For example, if one wants to iterate but only stop at specific values, one can choose:
integrator = init(prob,Tsit5();dt=1//2^(4),tstops=[0.5],advance_to_tstop=true)
for (t,u) in tuples(integrator)
@test t ∈ [0.5,1.0]
end
which will only enter the loop body at the values in tstops
(here, prob.tspan[2]==1.0
and thus there are two values of tstops
which are hit). Addtionally, one can solve!
only to 0.5
via:
integrator = init(prob,Tsit5();dt=1//2^(4),tstops=[0.5])
integrator.opts.stop_at_next_tstop = true
solve!(integrator)
Plot Recipe
Like the Solution
type, a plot recipe is provided for the Integrator
type. Since the Integrator
type is a local state type on the current interval, plot(integrator)

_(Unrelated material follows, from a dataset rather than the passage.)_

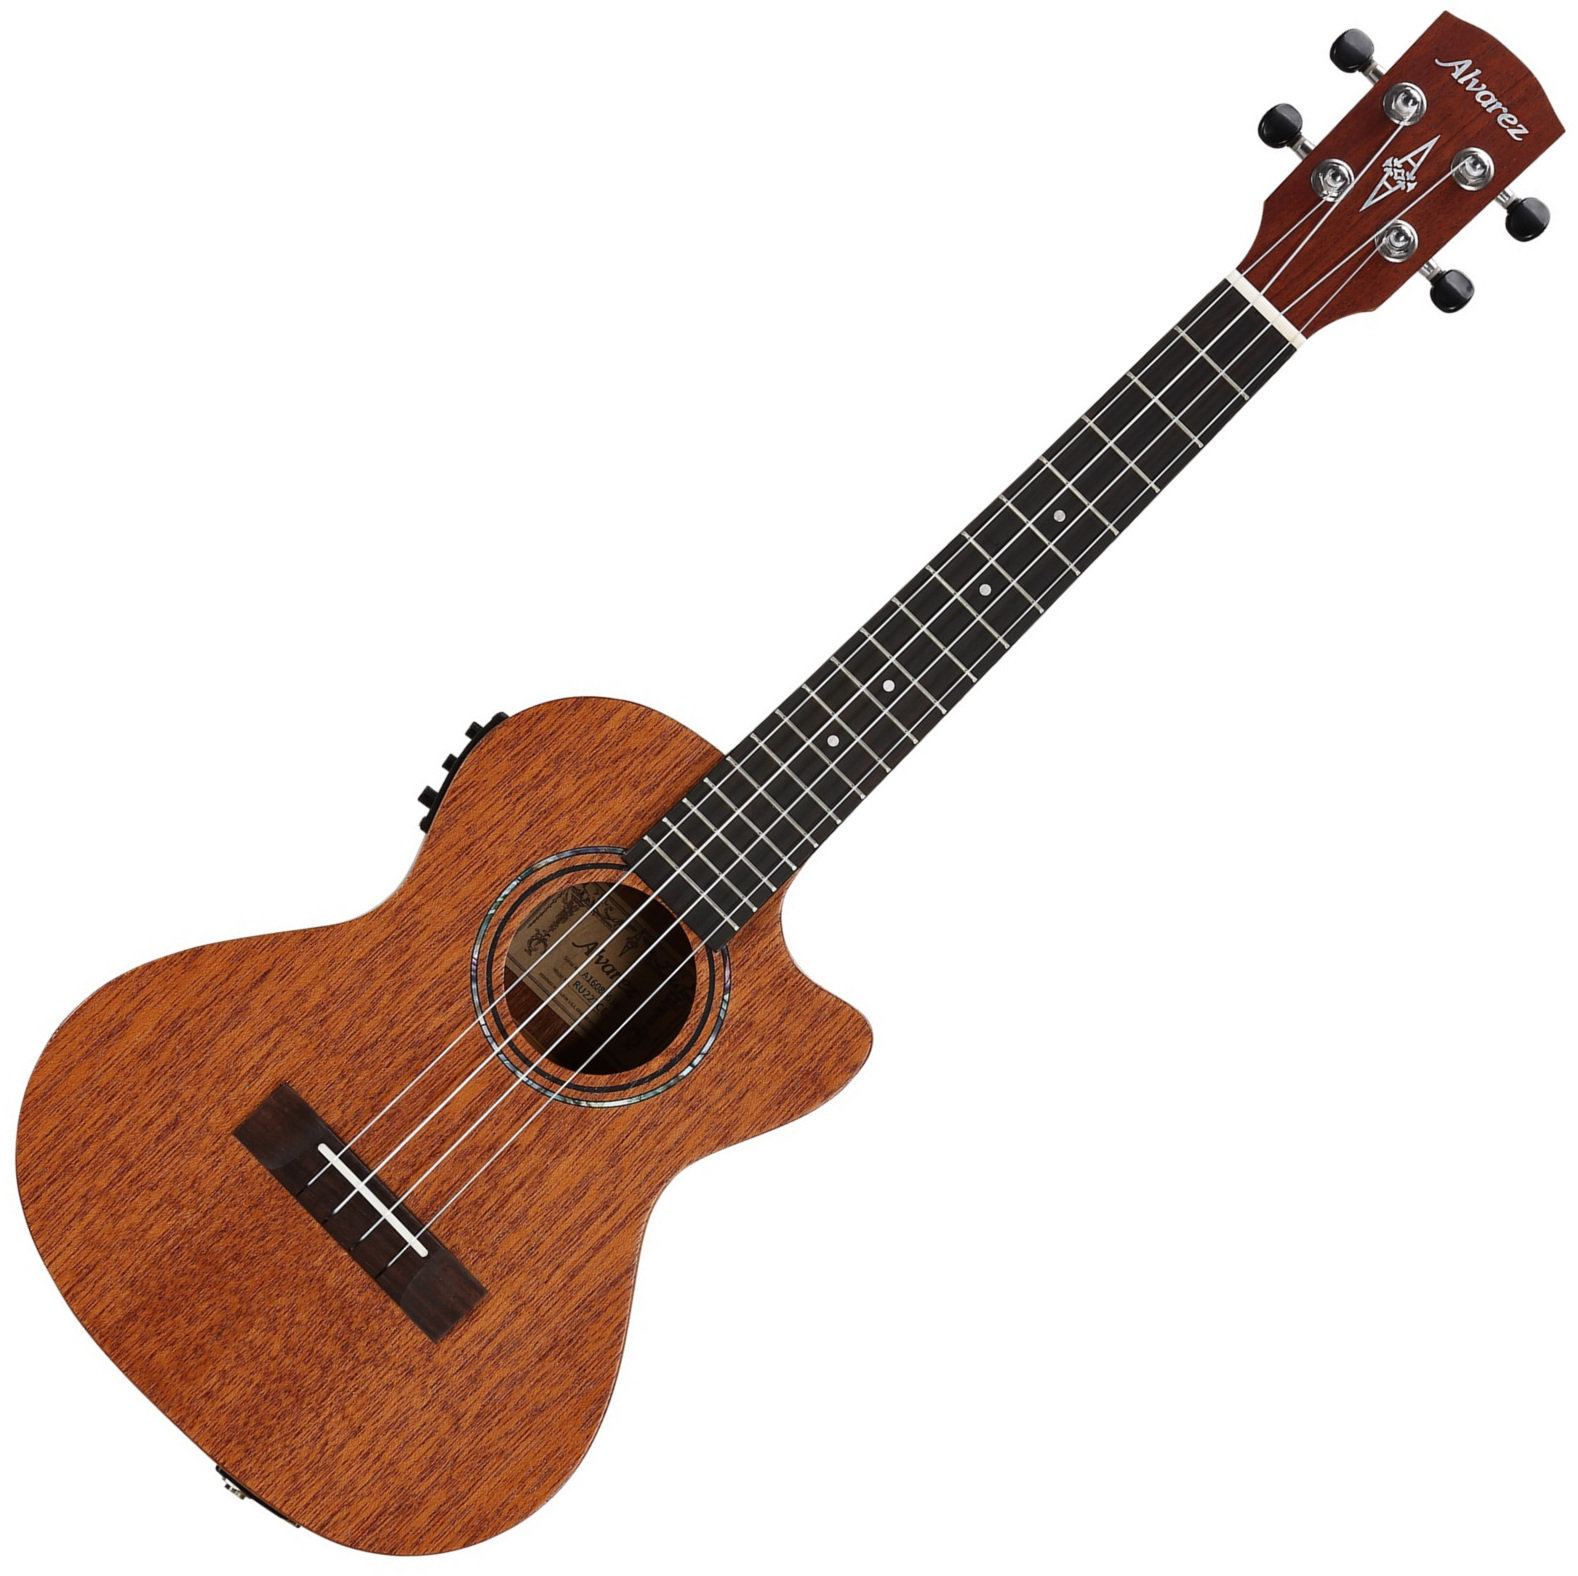 Tenori-ukulele Alvarez RU22TCE Tenori-ukulele Natural

returns the solution on the current interval. The same options for the plot recipe are provided as for sol
, meaning one can choose variables via the vars
keyword argument, or change the plotdensity
/ turn on/off denseplot
.
Additionally, since the integrator
is an integrator, this can be used in the Plots.jl animate
command to iteratively build an animation of the solution while solving the differential equation.
For an example of manually chaining together the iterator interface and plotting, one should try the following:
using DifferentialEquations, DiffEqProblemLibrary, Plots
# Linear ODE which starts at 0.5 and solves from t=0.0 to t=1.0
prob = ODEProblem((t,u)->1.01u,0.5,(0.0,1.0))
using Plots
integrator = init(prob,Tsit5();dt=1//2^(4),tstops=[0.5])
pyplot(show=true)
plot(integrator)
for i in integrator
display(plot!(integrator,vars=(0,1),legend=false))
end
step!(integrator); plot!(integrator,vars=(0,1),legend=false)
savefig("iteratorplot.png")